Task statement -
Each line of data below must be printed exactly as written, with any pictures removed.

Data excerpt -
== Segment start ==
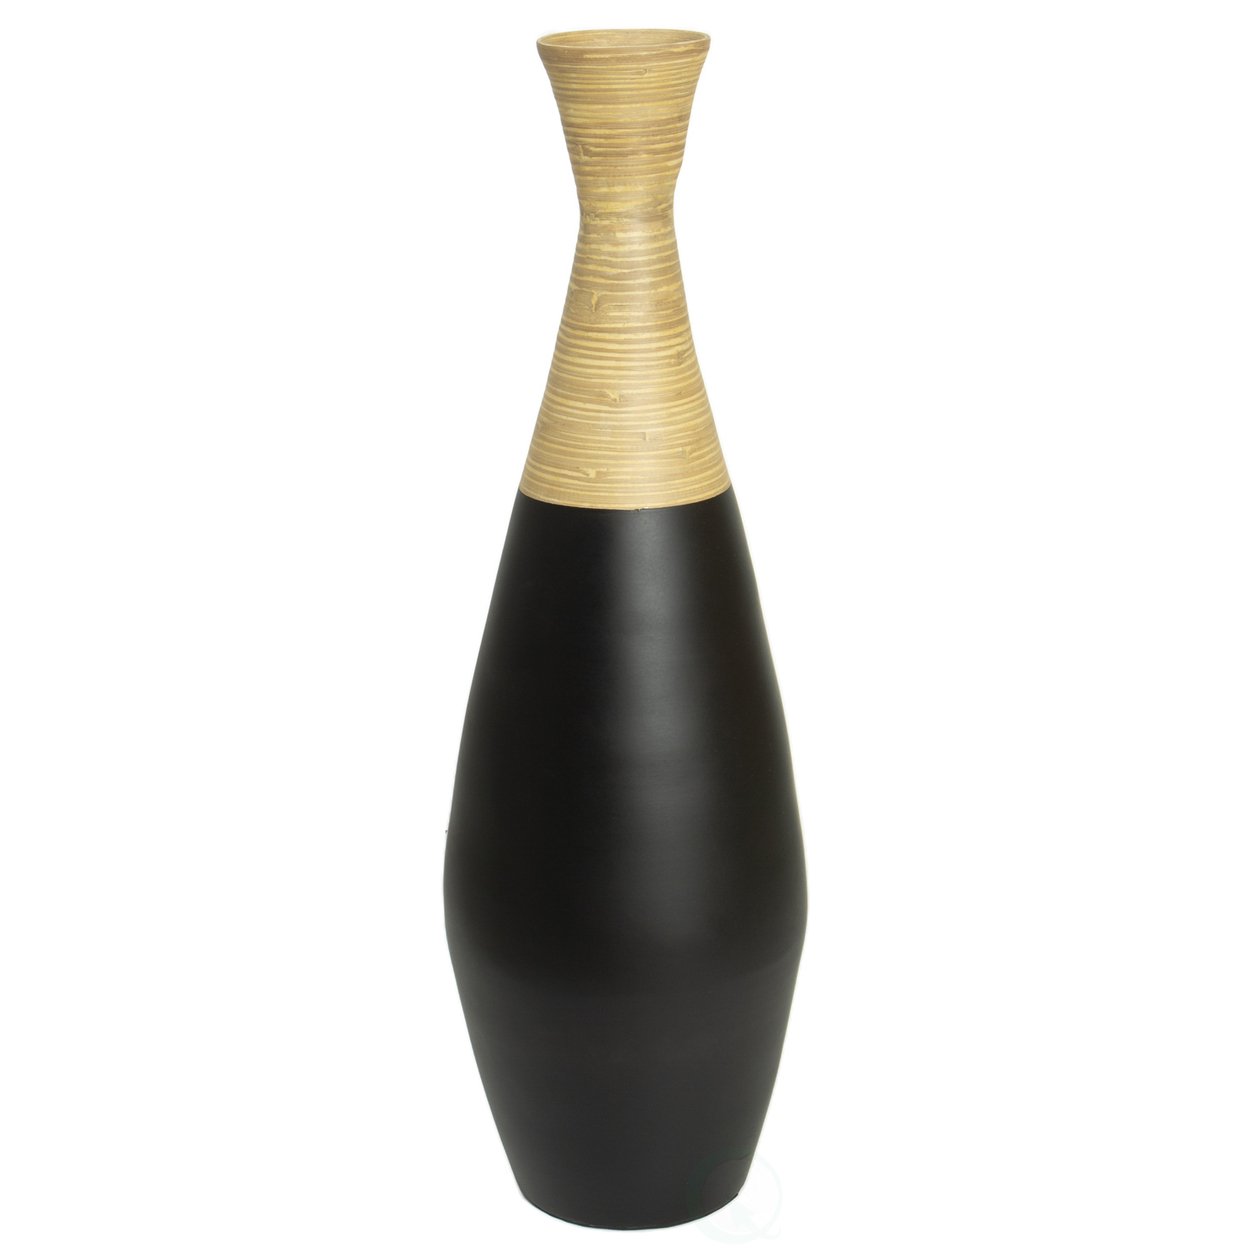 31.5 Inch Spun Bamboo Tall Trumpet Floor Vase - Decorative Home Accent, Natural Bamboo, Indoor Decoration, Sustainable Materials - Black
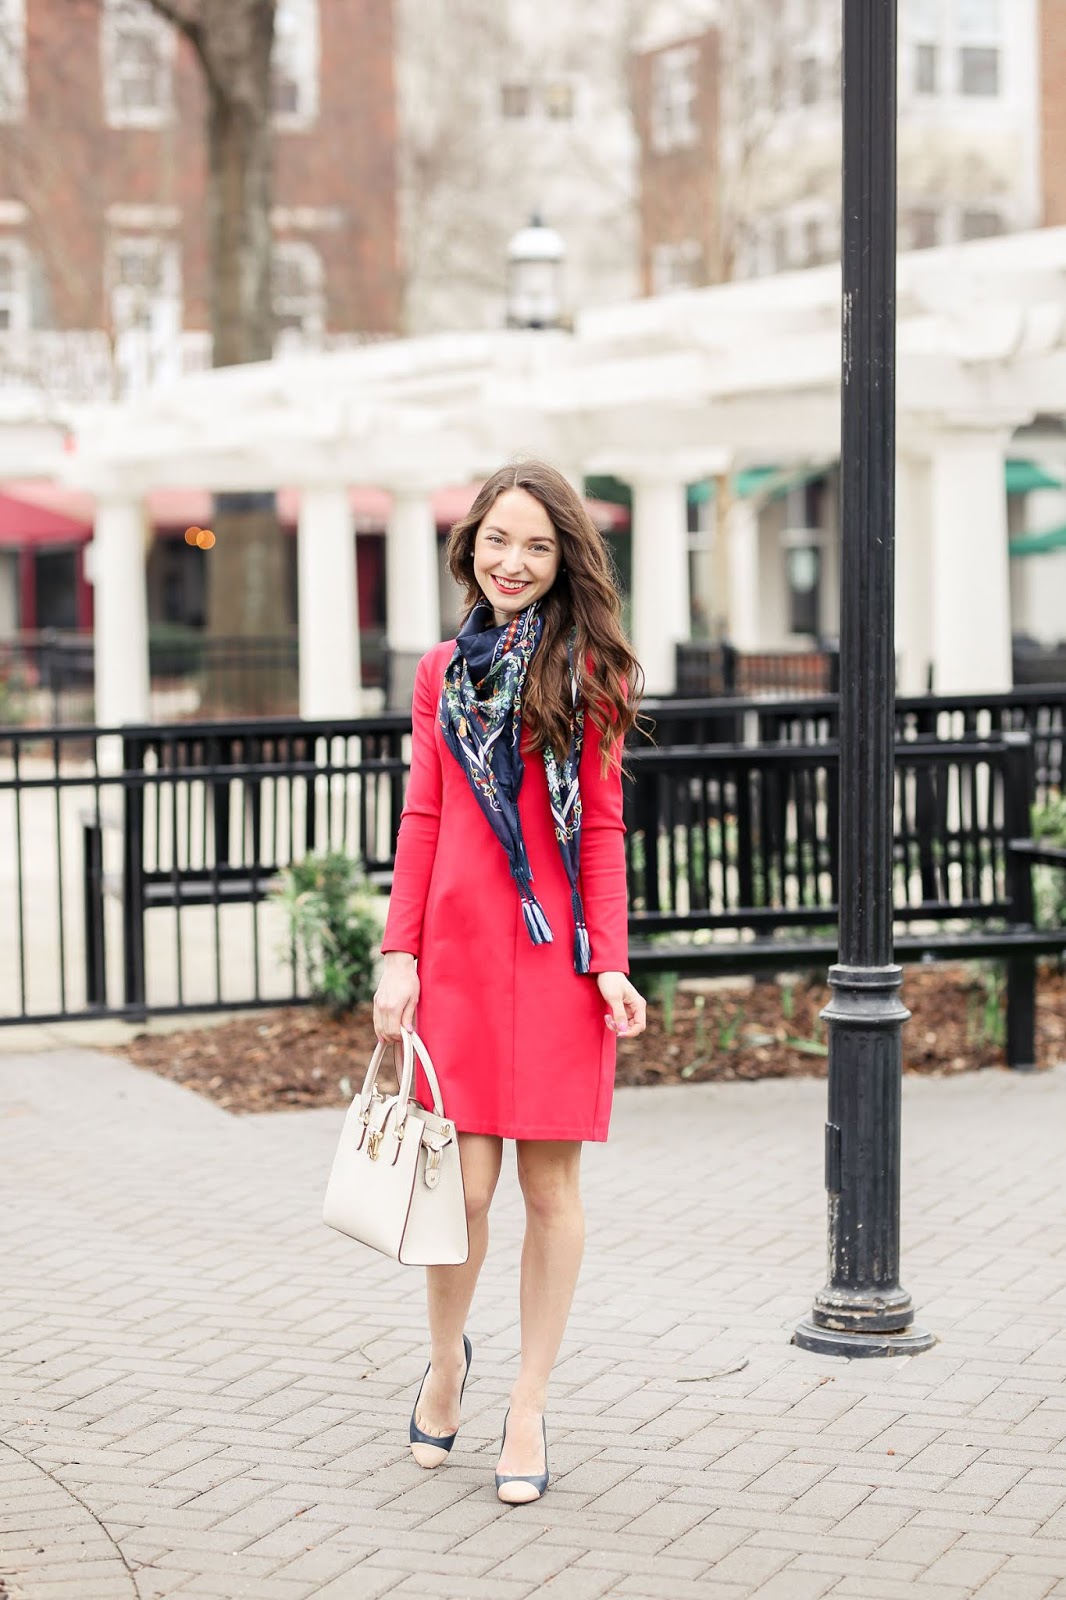 7 Outfit Ideas for Valentine's Day Caralina Style
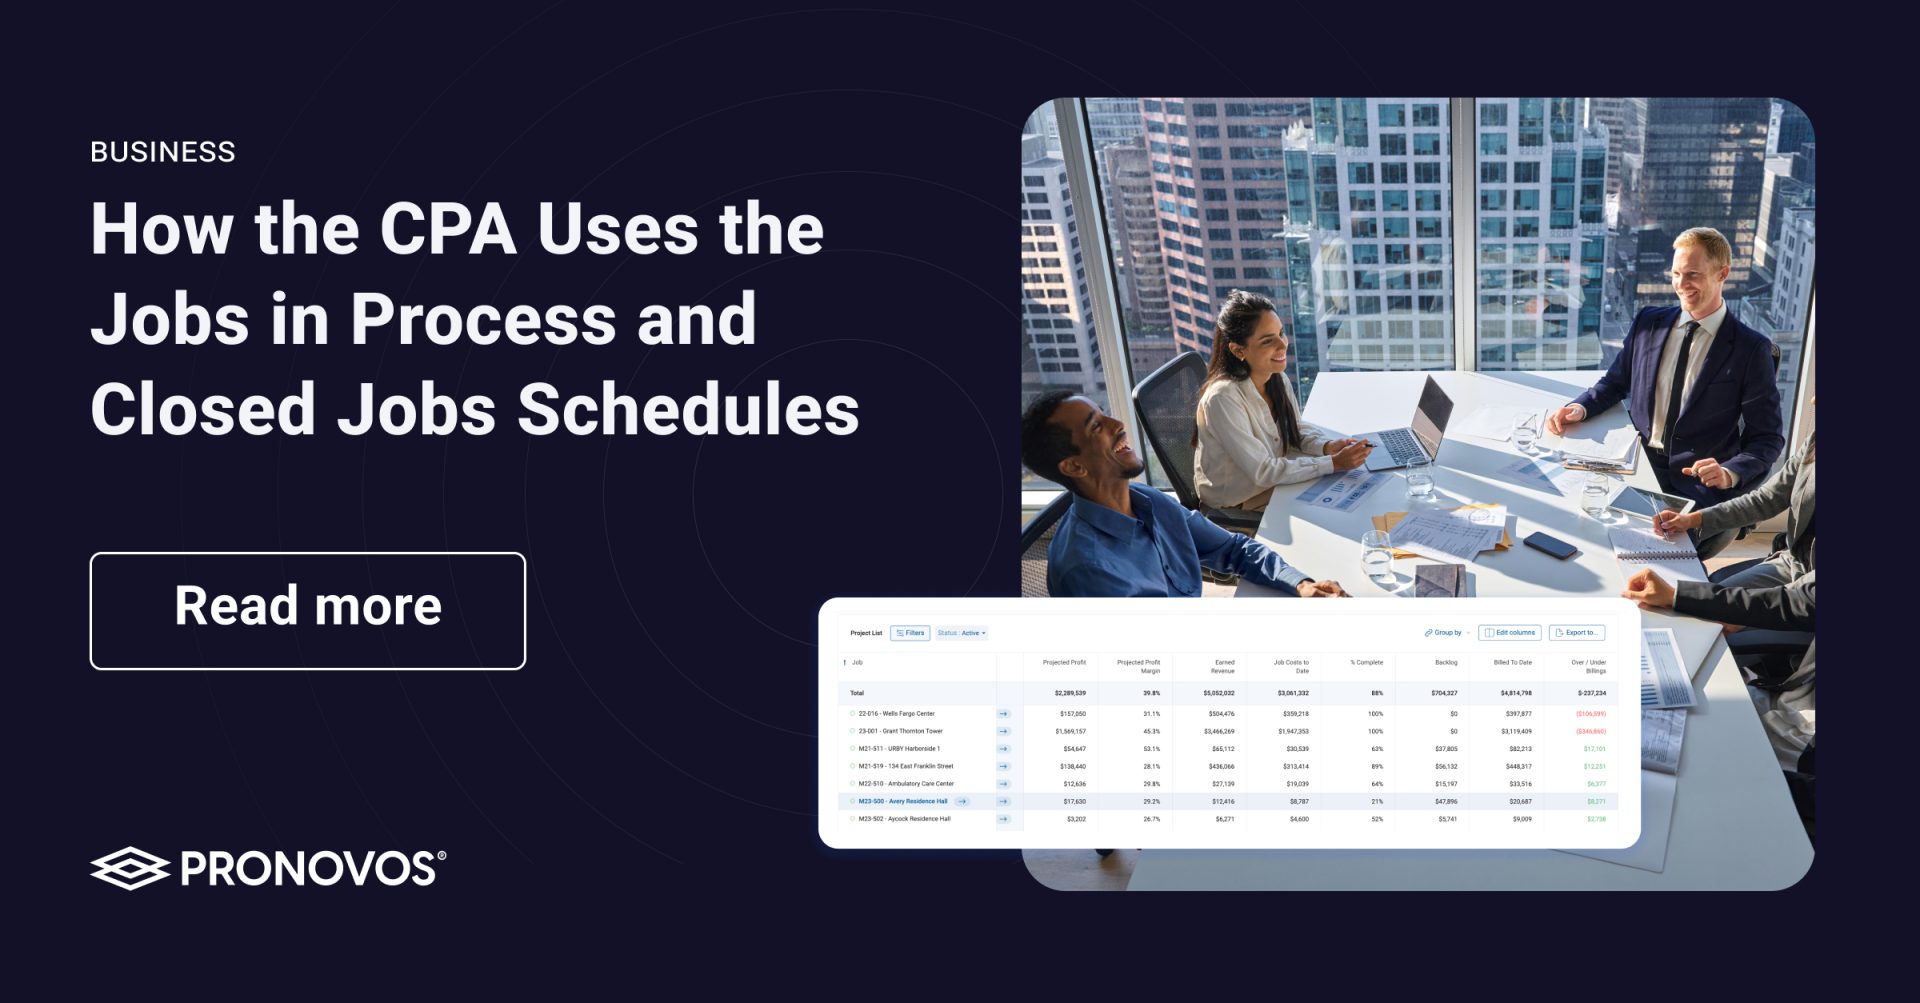 How the CPA Uses the Jobs in Process and Closed Jobs Schedules
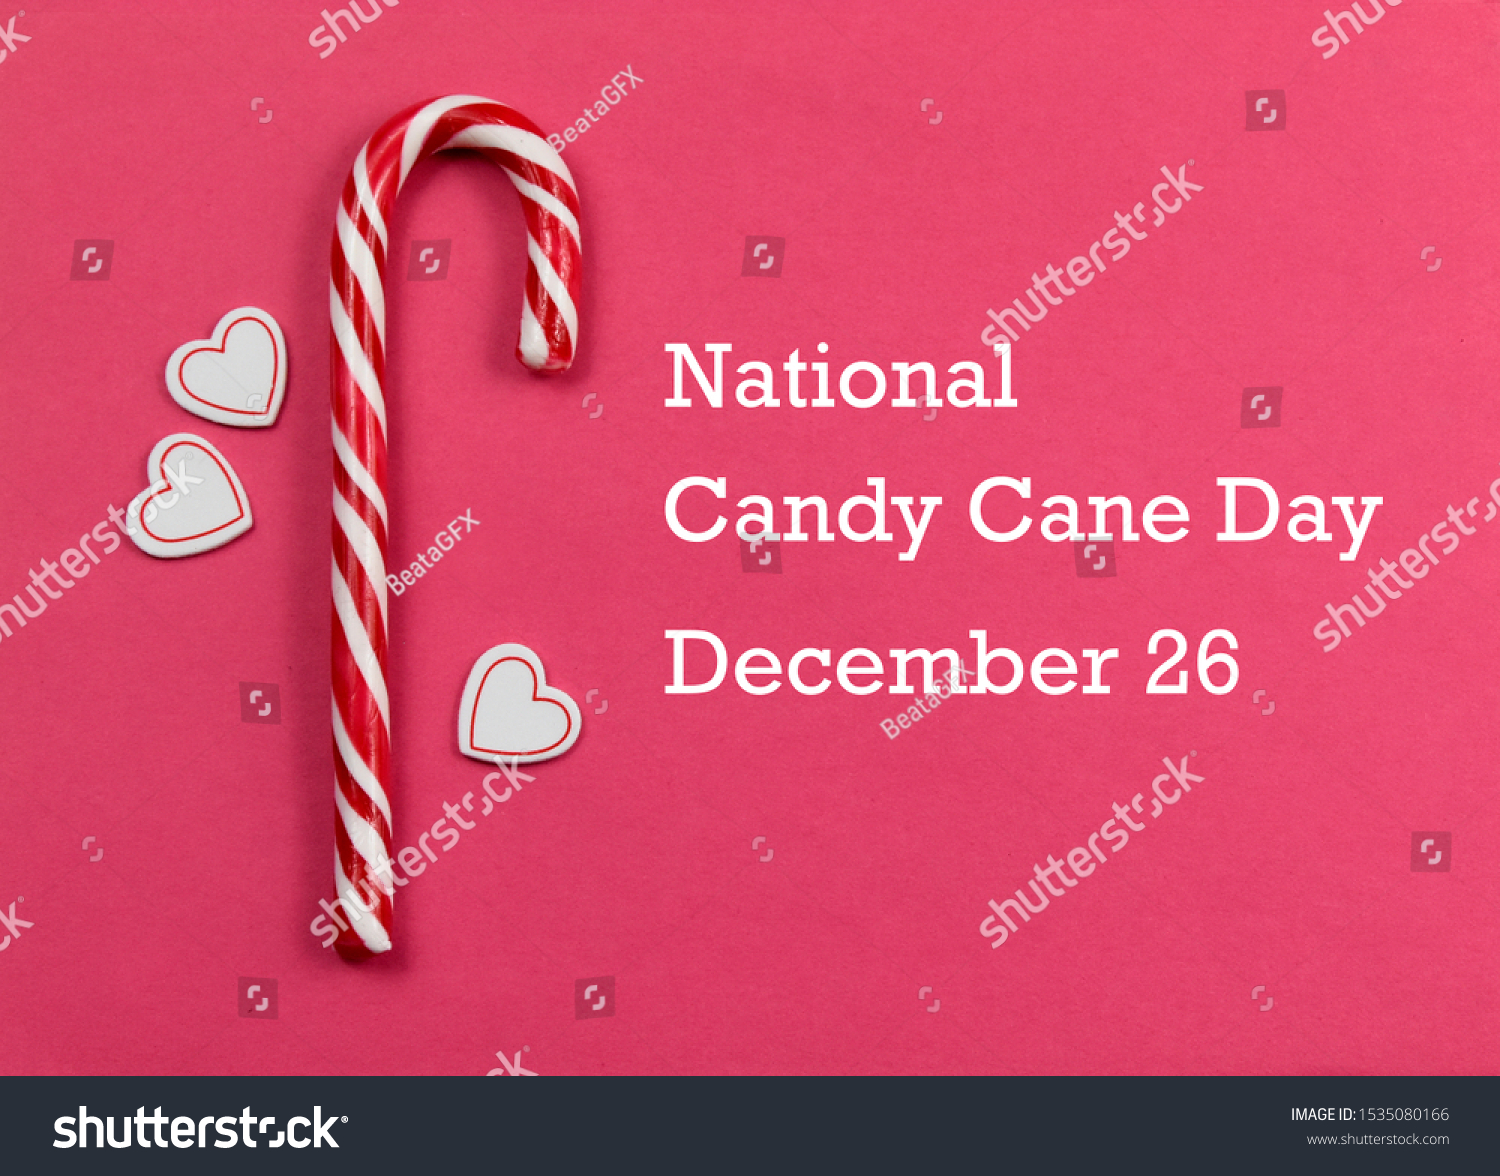 National Candy Cane Day images. Candy Cane with hearts on a pink background. Candy Cane Day Poster, December 26. Christmas candy cane stock images. Sweet Christmas symbol #1535080166
== Segment end ==
Written response -
 31.5 Inch Spun Bamboo Tall Trumpet Floor Vase - Decorative Home Accent, Natural Bamboo, Indoor Decoration, Sustainable Materials - Black
 7 Outfit Ideas for Valentine's Day Caralina Style
 How the CPA Uses the Jobs in Process and Closed Jobs Schedules
 National Candy Cane Day images. Candy Cane with hearts on a pink background. Candy Cane Day Poster, December 26. Christmas candy cane stock images. Sweet Christmas symbol #1535080166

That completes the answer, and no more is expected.